Posted to user@accumulo.apache.org by "Losco, Jason [USA]" <Lo...@bah.com> on 2013/09/05 14:00:26 UTC
locked fate threads
I recently tried to remove some tables, during which I was getting a shell thread stuck on IO error. A fate print plus some digging into the logs revealed they were stuck waiting on WAL resources. I found a thread in which Eric Newton explained how to manually remove the tables removing lines from the !METADATA table using "deletemany -c file," then cleaning up the /accumulo/tables/<id> in hdfs. I've done that, however the fate threads are still locked and I am unable to delete or fail them. Additionally, the tables I removed from !METADATA and hdfs still appear in the list returned by the "tables" command in shell. Below is the result of a "fate print." To note, tables id a and b are the two which I've removed.
test@c4s> fate print
txid: 4136e024209602eb status: IN_PROGRESS op: ChangeTableState locked: [] locking: [W:b] top: ChangeTableState
txid: 439193592e93e230 status: IN_PROGRESS op: TableRangeOp locked: [] locking: [W:b] top: TableRangeOp
txid: 1576dca47dfa2c65 status: IN_PROGRESS op: TableRangeOp locked: [] locking: [W:b] top: TableRangeOp
txid: 3ee6232db200f2c7 status: IN_PROGRESS op: TableRangeOp locked: [] locking: [W:b] top: TableRangeOp
txid: 19e5d3349679ff6e status: IN_PROGRESS op: TableRangeOp locked: [W:a] locking: [] top: TableRangeOpWait
txid: 29204be9d141dc88 status: IN_PROGRESS op: TableRangeOp locked: [] locking: [W:b] top: TableRangeOp
txid: 7d07c50ceb5ac487 status: IN_PROGRESS op: DeleteTable locked: [] locking: [W:b] top: DeleteTable
txid: 72895b4b1a5a1640 status: IN_PROGRESS op: DeleteTable locked: [] locking: [W:b] top: DeleteTable
txid: 6902bcb06c4f5ae7 status: IN_PROGRESS op: DeleteTable locked: [] locking: [W:b] top: DeleteTable
txid: 08db2316eb783ba1 status: IN_PROGRESS op: TableRangeOp locked: [] locking: [W:b] top: TableRangeOp
txid: 6b0b135ca643b709 status: IN_PROGRESS op: TableRangeOp locked: [] locking: [W:b] top: TableRangeOp
txid: 0e174c9af5092e54 status: IN_PROGRESS op: TableRangeOp locked: [W:b] locking: [] top: TableRangeOpWait
12 transactions
Thanks in advance for your help.
losco
Re: [External] Re: locked fate threads
Posted by Eric Newton <er...@gmail.com>.
stop-all probably won't work. I'm suggesting a cluster-wide kill of all
tablet servers:
$ pssh -h conf/slaves pkill -f =tserve[r] # <--- requires parallel ssh to
be installed
On the master host:
$ pkill -f =master
Wait for the master lock to expire (typically 30 seconds), and kill all the
fate transactions:
$ ./bin/accumulo org.apache.accumulo.server.fate.Admin kill "<txid>"

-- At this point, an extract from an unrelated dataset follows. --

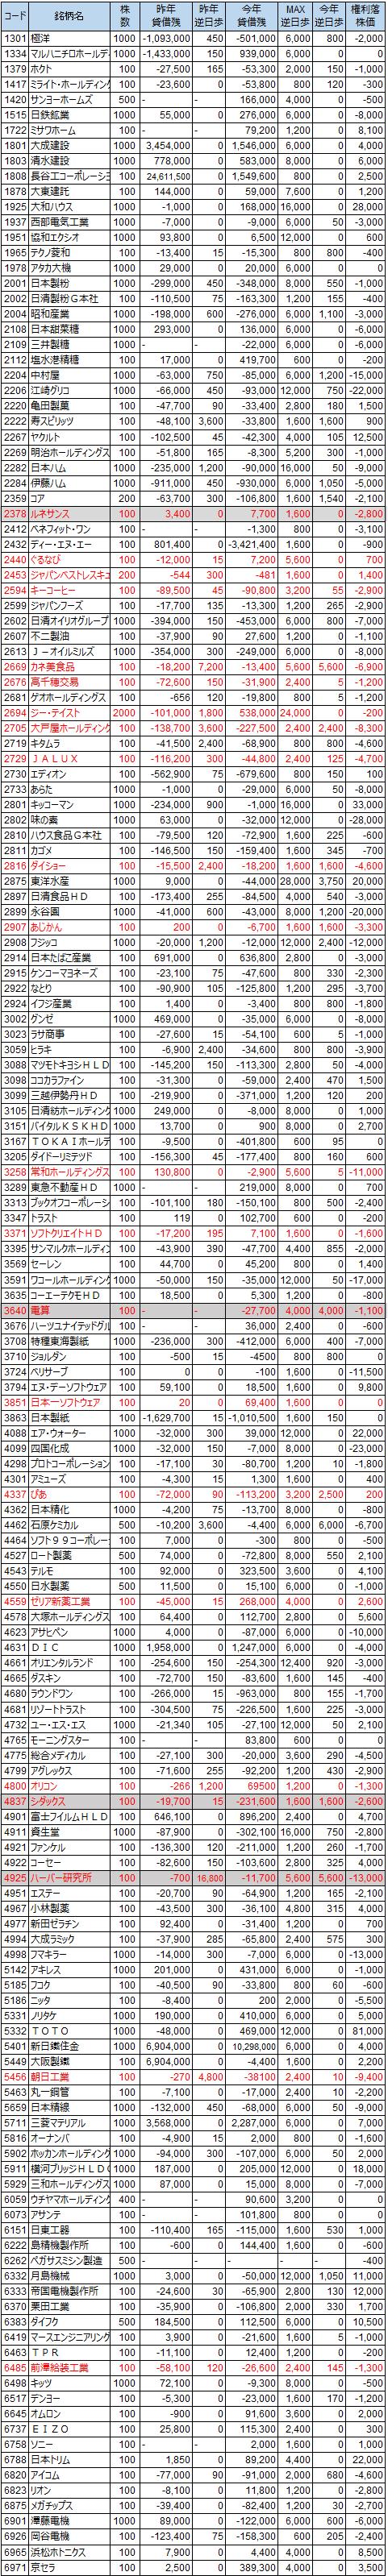 貸借状況2014年3月末権利付き最終日

Then do a start-all and cross your fingers. :-)
-Eric
On Thu, Sep 5, 2013 at 9:27 AM, Losco, Jason [USA] <Lo...@bah.com>wrote:
> Thanks for the quick response. I issued the command to take those
> offline, however, they were locked up due to the other threads so it didn’t
> take. How do I go about deleting those fate transactions? Fate delete and
> fate fail do not work from the shell. Are you suggesting a stop-all of
> accumulo, then running something using the actual AdminUtil class to kill
> those transactions? Any input into how to kick off that process would be
> greatly appreciated.****
>
> ** **
>
> losco****
>
> ** **
>
> *From:* Eric Newton [mailto:eric.newton@gmail.com]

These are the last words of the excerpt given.